2017 is nearly here! A new year, a new outlook, a new resolution. Right?
Let's be real - we all feel refreshed and ready to take on the world on January 1. There's lots of energy, you have that gun-ho feeling of being able and ready to do everything and anything. You're optimistic, happy, inspired, and smiling. But we also know that resolutions are hard to follow after the first week or month of the new year. There are countless articles about keeping yourself motivated, with even more numerous tips to help ease the weight of a New Year's Resolution. Everything from keeping your goals small and manageable, having a buddy to keep you accountable, telling your friends via social media to have all of them keep you going, using apps to track your progress, rewarding yourself for small milestones, etc. Frankly, even the advice can get overwhelming.
Big or small, resolutions can be scary and intimidating, whatever they are. Change in general is pretty scary, so it's no surprise that after making your big resolution, you start to drift towards your old habits. Whether you make a resolution to stay healthy, sing in the rain, write a novel, get into graduate school, open your heart to a new relationship, talk to your far-away friends more often, or find a moment to smile about every day, we all wish to keep our momentum going past January.

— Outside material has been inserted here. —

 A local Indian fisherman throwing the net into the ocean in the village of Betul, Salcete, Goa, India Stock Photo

The season influences you to make these resolutions, but most of them could be summarized to "living everyday life as best we can", to put it succinctly. We don't want to just wave through a window, we want to defy gravity (yes, those were Dear Evan Hanson and Wicked references, respectively), we all just want to be happy with the lives we live. Maybe we fall down, but that's just a part of our lives, and we pick ourselves up and keep going. As Margaret Mitchell's Scarlett O'Hara put it simply, "After all, tomorrow is another day" (Gone with the Wind, 1936).

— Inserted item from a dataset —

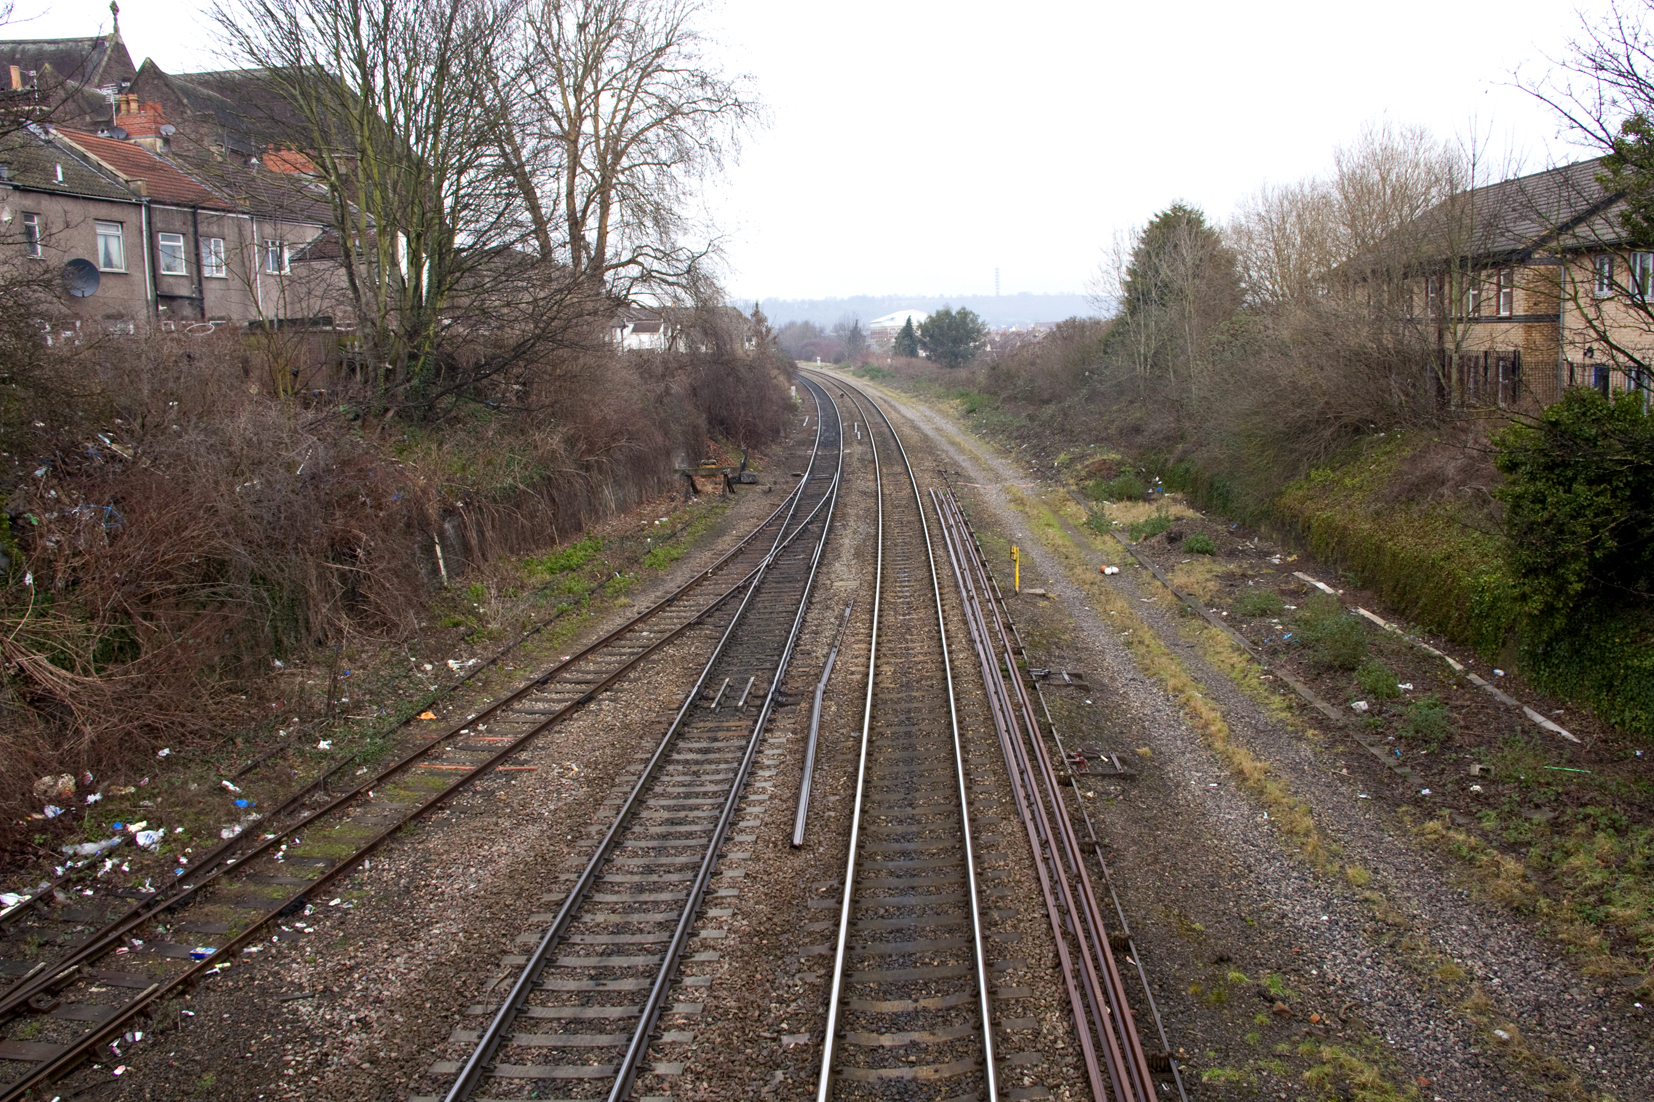 several railway tracks running through a residential area

Jojo Moyes wrote, "You only get one life. It's actually your duty to live it as fully as possible" (Me Before You, 2012). That includes making mistakes, potentially very big ones, very stupid ones, or very trivial ones, but mistakes that help you to evolve and learn nonetheless. You don't need a declarative resolution to make those mistakes, and you definitely don't need it to remember what makes you happy and what makes you feel like you're living the life you want.

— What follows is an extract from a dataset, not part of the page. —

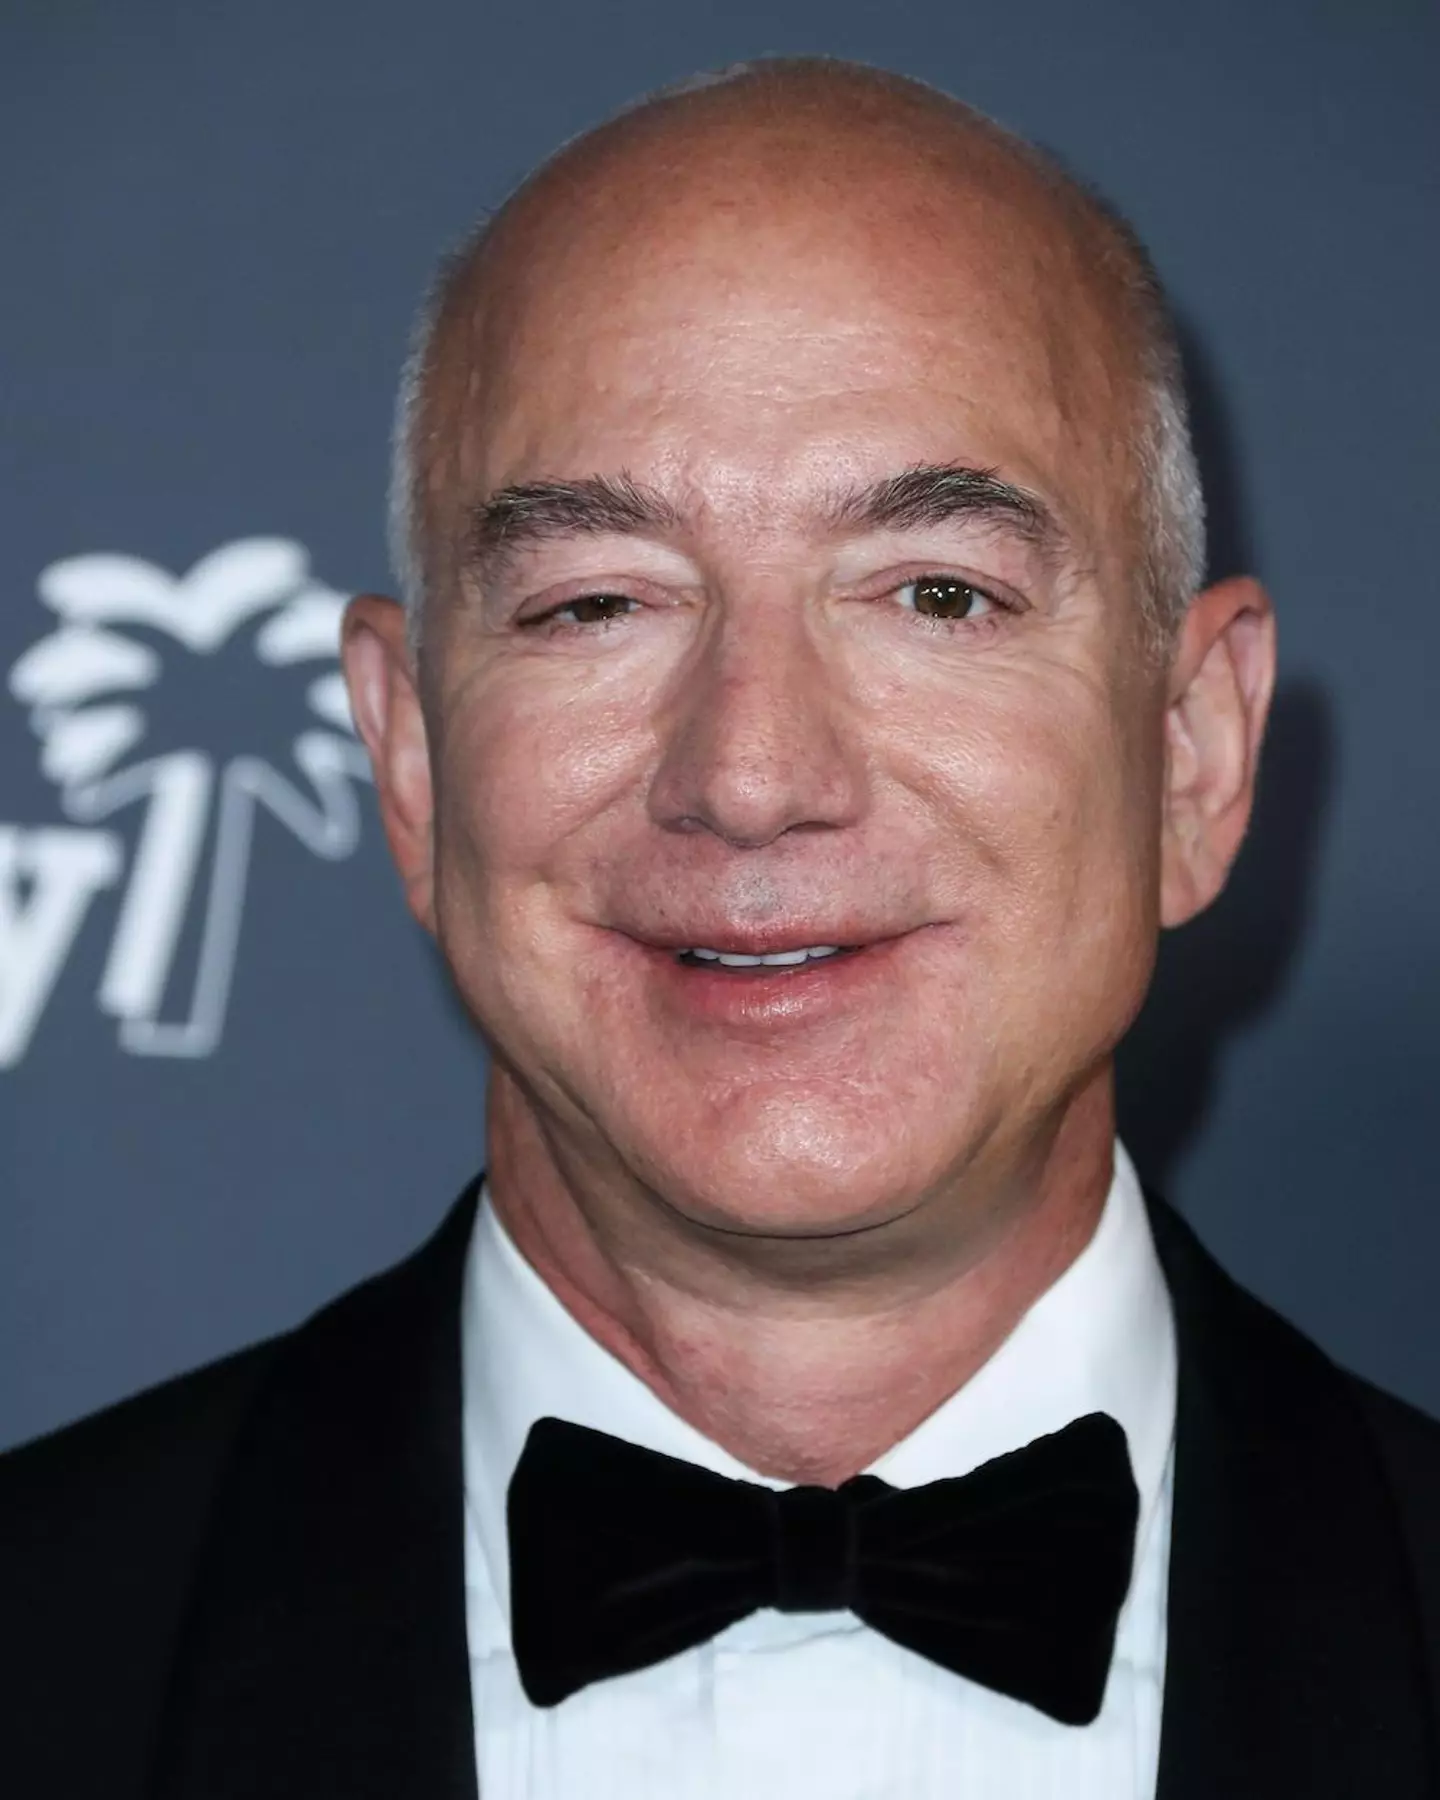 Jeff Bezos' net worth is currently just shy of $100 billion less than Musk’s.

So make your resolutions, but remember that it doesn't have to be New Year's Eve for you to make resolutions and don't be disappointed when you can't hold on to them past January. Remember that you can make them everyday, restart everyday. Look at the stars, reach for them, and show everyone that your feet are still on the ground. For as Walt Disney said, "All our dreams can come true, if we have the courage to pursue them." Go after them every day, even the little quotidian ones. Go after them not just because it's that's time of year.